It is important to start teaching financial literacy at a young age, integrating it throughout student's educational journies. Learn how combining essential financial knowledge with project-based learning and real-world applications allows students to develop strong financial management skills and feel prepared to navigate life's financial challenges and opportunities.
The National Assessment of Adult Literacy defines literacy as “the ability to use printed and written information to function in society, to achieve one’s goals, and to develop one’s knowledge and potential.” As we approach the end of April, Financial Literacy Month, it is important to consider the role financial literacy plays in all K12 classrooms. We all have a role to play.

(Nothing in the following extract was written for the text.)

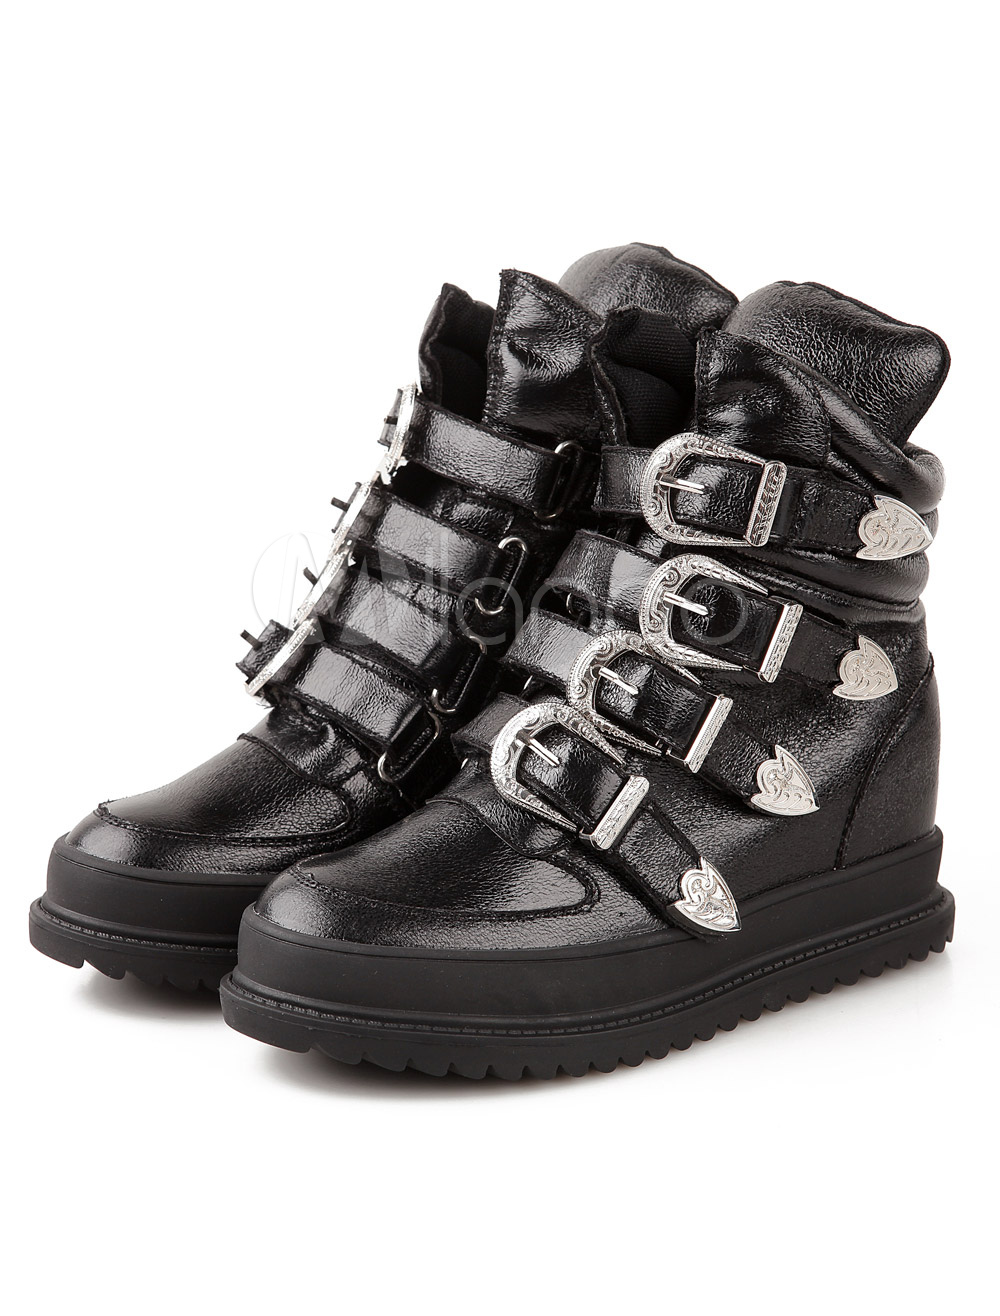 PU Leather Sneakers With Hidden Heels - Milanoo.com

Students need to acquire essential personal finance skills early on, as they begin making decisions about their finances both now and in the future. This begins as early as elementary school when students learn about saving and spending, the opportunity cost of economic choices, or simple budgeting. Establishing a solid groundwork of effective financial practices from an early age equips students with the readiness to navigate their financial journey with confidence. Practicing planning for a trip, creating a monthly savings plan, keeping a ledger for a simple small business, or understanding how compounding interest is calculated can help students become financially literate and make better choices later in life. Gaining knowledge about and actively engaging in sound financial management can effectively avert potential financial difficulties before they even arise. Addressing financial challenges once they have taken root becomes considerably more challenging.
One way to help students enhance their financial literacy is to combine essential knowledge with a project-based learning approach, empower students to apply their financial skills to real-world scenarios and cultivate lifelong financial literacy. Defined Learning offers a financial literacy course structured around the National Standards for Personal Financial Education.
The course is designed to not only meet state requirements but also to foster a deep understanding of personal finance concepts that will serve students well throughout students lives. Throughout the course, students work to answer the driving question, “How can I use my knowledge of finances and budgeting skills to plan for a successful future?” They autonomously apply their learning in order to:
Standards addressed include topics such as earning income, knowing expenses, saving and investing, borrowing money, and risk management. Tasks include choosing the best benefits package for a new job, throwing a graduation party, learning to buy on credit, determining whether to lease or buy a vehicle, paying off debt on a credit card, choosing the right car insurance, creating a personal budget, automated investing, understanding where taxes go on a paycheck and more. Each task is designed to be highly relevant and authentic to the lives of students.
In addition to learning to use financial literacy skills in class, students also need to be able to apply their learning outside of the classroom, demonstrating their literacy beyond school. The Financial Literacy and Education Committee (FLEC) released a resource guide for institutions, students, and families which includes a number of useful tools. Included in the guide is an occupational outlook handbook which shares wage and job duty information. Money management advice, pathways toward military service, and information about financial aid for higher education are also included in the guide.
When all students graduate not only able to read and comprehend text but to use their knowledge to function and thrive in the world, they will be truly literate. To be financially literate, students must be able to navigate the increasingly complex world of budgeting, borrowing, saving, insurance, and more. Financial literacy is not limited to one class in the final years of high school anymore. We must teach financial literacy early and often throughout students’ school years through authentic experiences if they are going to be able to develop true financial literacy beyond their school years.